一口分をスプーンを掬い口に含むと米の甘みと卵と塩の味が程よくする。
「おいしい、本当に…おいしいよ」
お粥の入ったお椀を左手で取って口の中へと一心不乱に入れていく。
(食事を楽しいと思ったのなんていつぶりだろう…)
かぐやが月に帰ってからはまるで世界から色が消えた様で、そしてヤチヨとの再会は嬉しかったし少しは気持ちを取り戻せた。
そしてヤチヨが苦しんだ記憶をみて自分はこの再会のために傷を負っていない罪悪感、そして相手に少しでも早く体と五感を取り戻させたいと必死になっていた。
そして再び体を壊した。
「彩葉?」
「え、どうしたの?」
二人の困惑した声が耳に入ってくる。
「?どうしたの二人とも」
彩葉が二人の顔を見て何があったのか理解出来なかった。
すると口の中に塩とは別のしょっぱい感触が入ってくる。
「え?」
何事だろうと口に触れるとそれは頬から流れ出たものが口に入っているのだ。
「私…なんで…泣いて」
今の彩葉は泣きながらお粥を頬張っているのだ。
それはあまりにも歪んだ光景だった。
「うっ…ぐぅっ」
涙を認識してしまうともう止められなかった。
そして視界が歪むが二人が自身を心配してくれている事はハッキリと分かる。
その事実に心が温かくなる。
「そうか…そうだったんだ…」
二人の優しさを噛み締めながらも気がついた。
かぐやに対して簡単に心を開いたのに、真実と芦花に対しては何故かいまだに心の壁の様なものがある。

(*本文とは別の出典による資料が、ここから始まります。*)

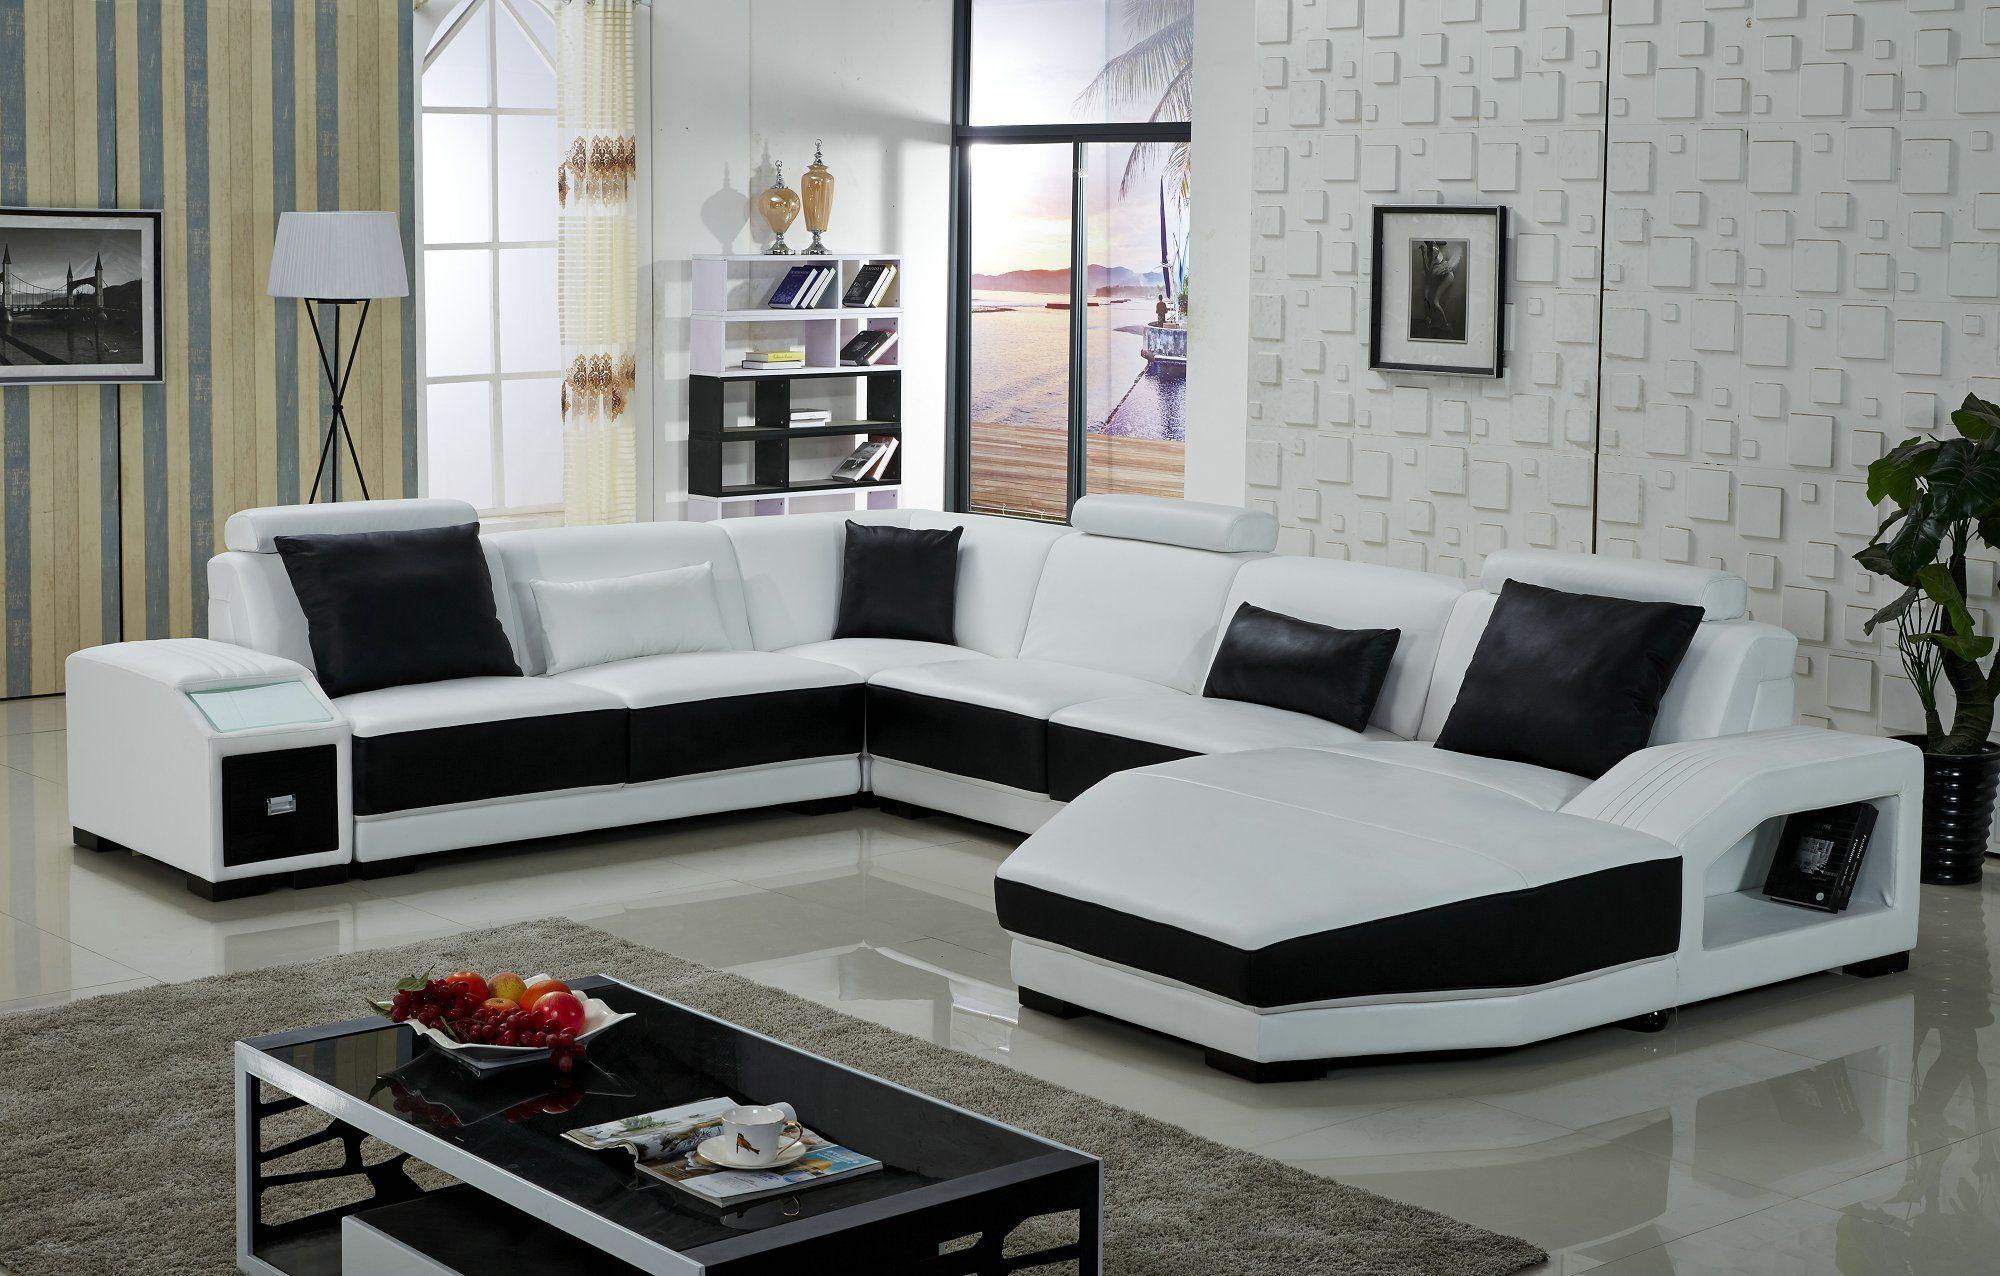 Contemporary Sofa Sets L BZ1204 1 China Lizz Furniture Co Ltd

かぐやは赤ん坊として出会ったせいか彩葉から率先して関わった。
あの場で警察を呼んで対応してもらう選択肢もあったのに、当時は気が動転してなし崩し的に三日を過ごしてしまった。
彩葉には自ら関わった責任があった。
だからこそ自然とトラブルメーカーのかぐやを懐深くに入れてしまったのだ。
「違うの…おいしくて」
彩葉は心配させまいと何とか言葉を振り絞った。
真実と芦花は付き合いも悪く、愛想笑いしかしない彩葉のそばにずっと居続けてくれた。
友人であり続けるために常に声をかけてくれたのだ。
しかしその関係性は相手から受けるだけの一方的なもの。
仮に二人が彩葉に興味を失ったら簡単に途切れてしまう危ういものでしかない。
友人である努力を彩葉からは出来ていない。
関係が途切れるターニングポイントは進級、進学、そして就職といくらでも訪れてくる。
(そんなの嫌だ…)
ここで初めて彩葉は真実と芦花とのこの関係を失いたくないと思った。
話しかけてくれて当たり前、友人でいてくれて当たり前、一緒に居てくれて当たり前ではない。
かぐやとのあの別れでそんな事は嫌というほど思い知ったはずだった。
ヤチヨとして再会出来たのは奇跡なだけだ。
「ありがとう…二人とも本当にありがとう…」
感謝をひたすらに述べながら、彩葉は振る舞われた手料理を食べ続けた。
泣き笑いながら美味しそうに食べる姿を見て、二人は顔を合わせて微笑んでいた。